Friday, November 20, 2015

Thoughts on Syria: Part II

This is part II of a three part series on Syria. If you like what I said here (or even if you don't) please check out parts I and III.  


"In the absence of any guiding principle, politics becomes a naked struggle for power."

-Bertrand Russell

Remember the fury over the Wall Street bailout and inflation? Or the Obamacare death panels? Or the insistence that we can't allow Africans into the country during the Ebola epidemic? Or the current theme that any action against climate change will cripple our economy?

In yet another example of the fear mongering and partisan pandering inherent in American Democracy, yesterday the Republican party (with the support of some conservative Democrats, including Hawai'i' Congresswoman Tulsi Gabbard) passed the American Security Against Foreign Enemies (SAFE) Act. I won't go into the details, because I know that you'll close the browser window, but, if it becomes law it will temporarily halt all refugee resettlement and ultimately add a cumbersome layer of bureaucracy to an already cumbersomely bureaucratic process.

As I wrote about the other day, the UN accepts less than 1% of refugees for resettlement. And then the US takes only a tiny fraction of them after an 18-24 month background check.
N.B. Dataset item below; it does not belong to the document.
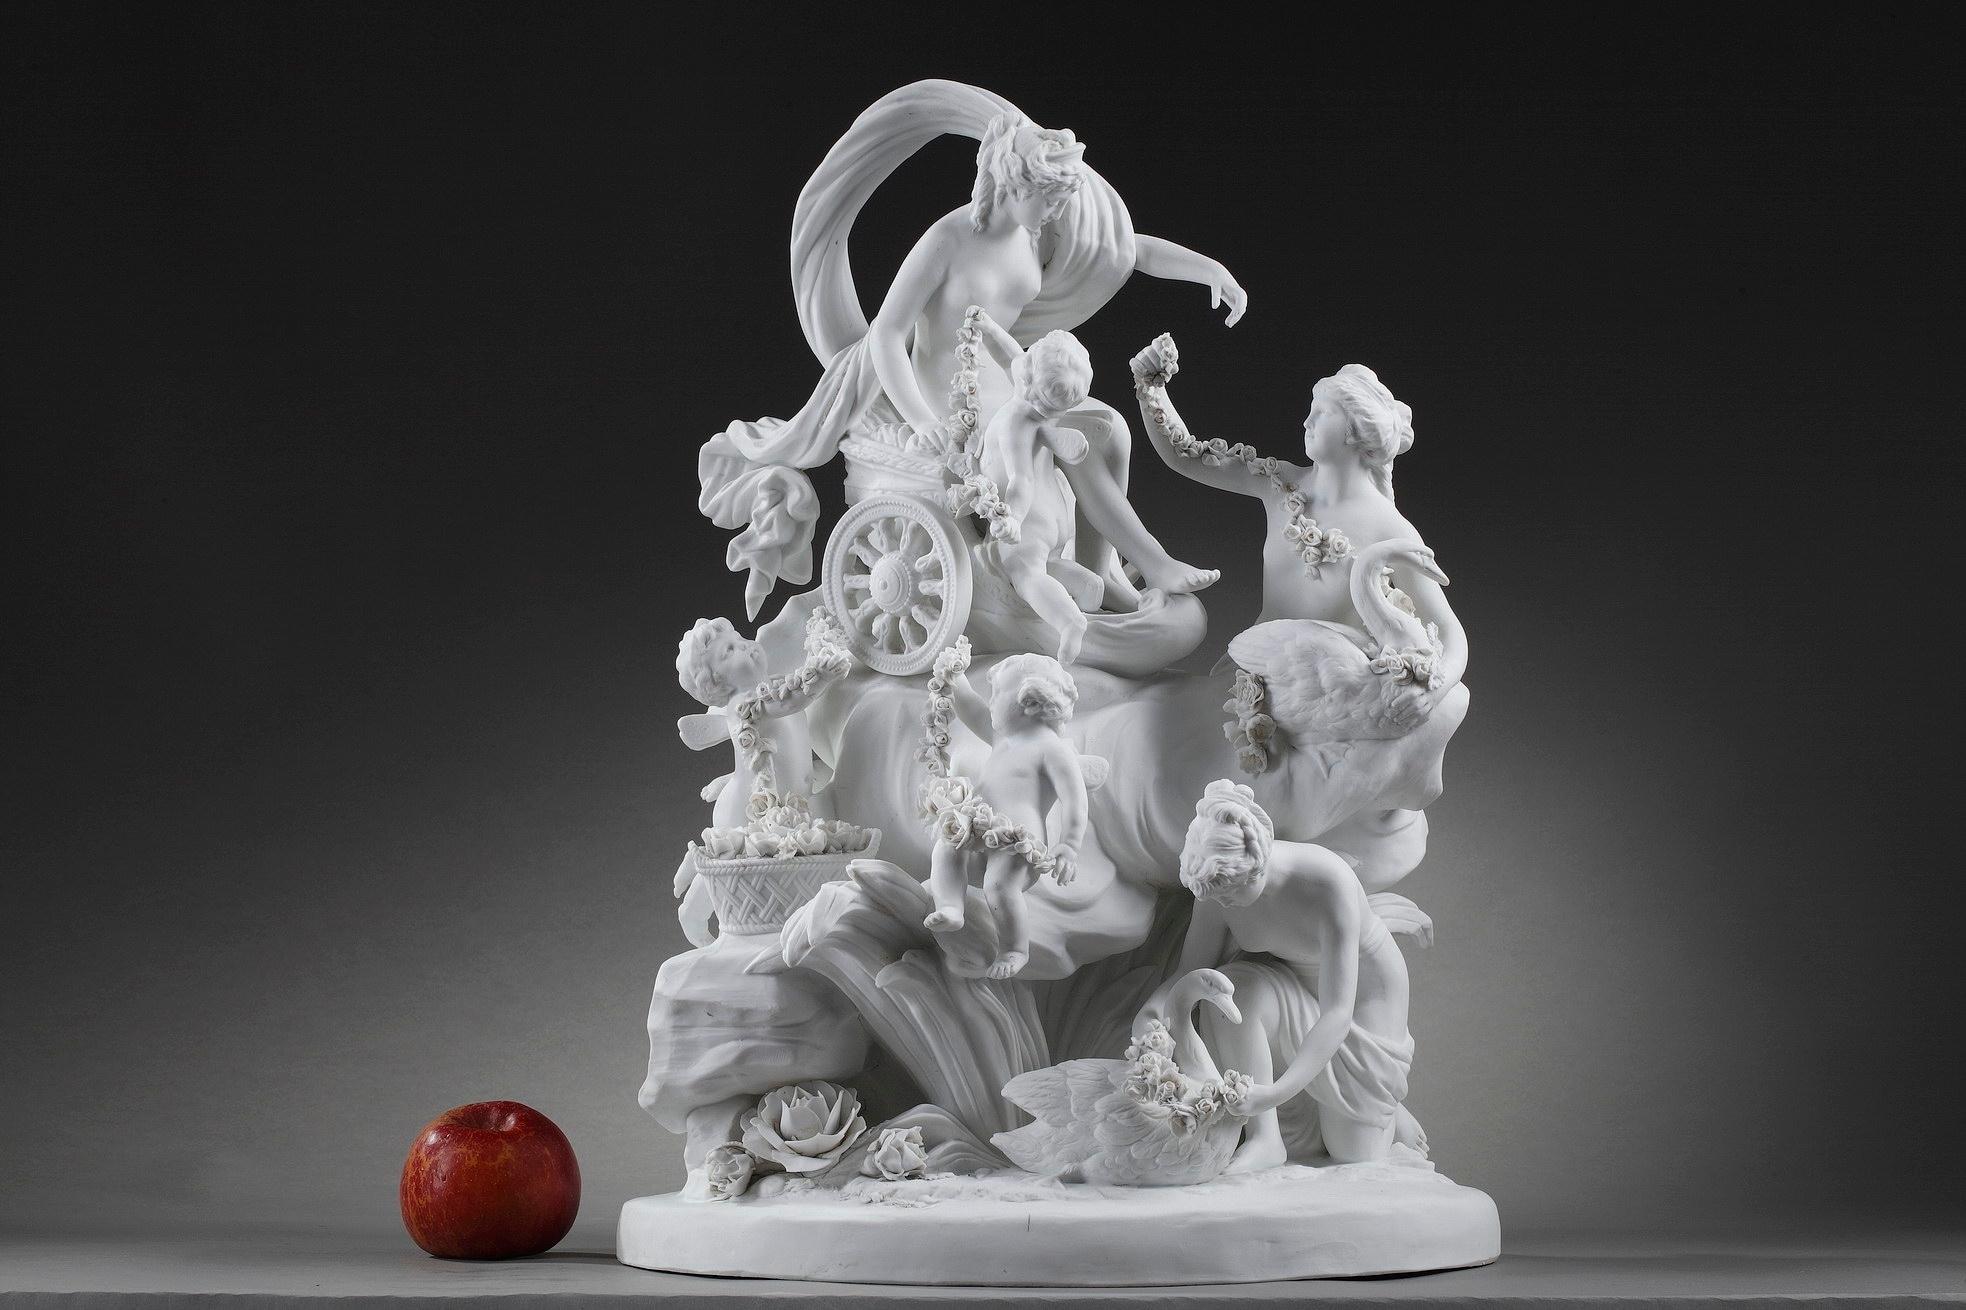 Large porcelain bisque group featuring the triumphant figure of the goddess Aphrodite (Venus) on her chariot, surrounded by Cupids and Nereids with swans. The nymphs and putti reach to the goddess garlands of roses as symbol of glory. Two Cupids in

Since September 11, 2001-- the US has resettled 748,000 refugees. You know how many of them have committed an act of terrorism against the US? Zero. How many of the attackers in Paris were refugees from Syria? Zero. The Syrian Passport was a fake, and they were all French and Belgian nationals.

The US has accepted 1,500 Syrian Refugees since the civil war began. In comparison, Turkey has taken in 2.2M, Lebanon 1.2M, Jordan 1.4M, Saudi Arabia 100-500K, Iraq 247K, and Germany 200K.

I don't think that anyone who is not running for an election is saying that our Syrian refugee program is too lenient.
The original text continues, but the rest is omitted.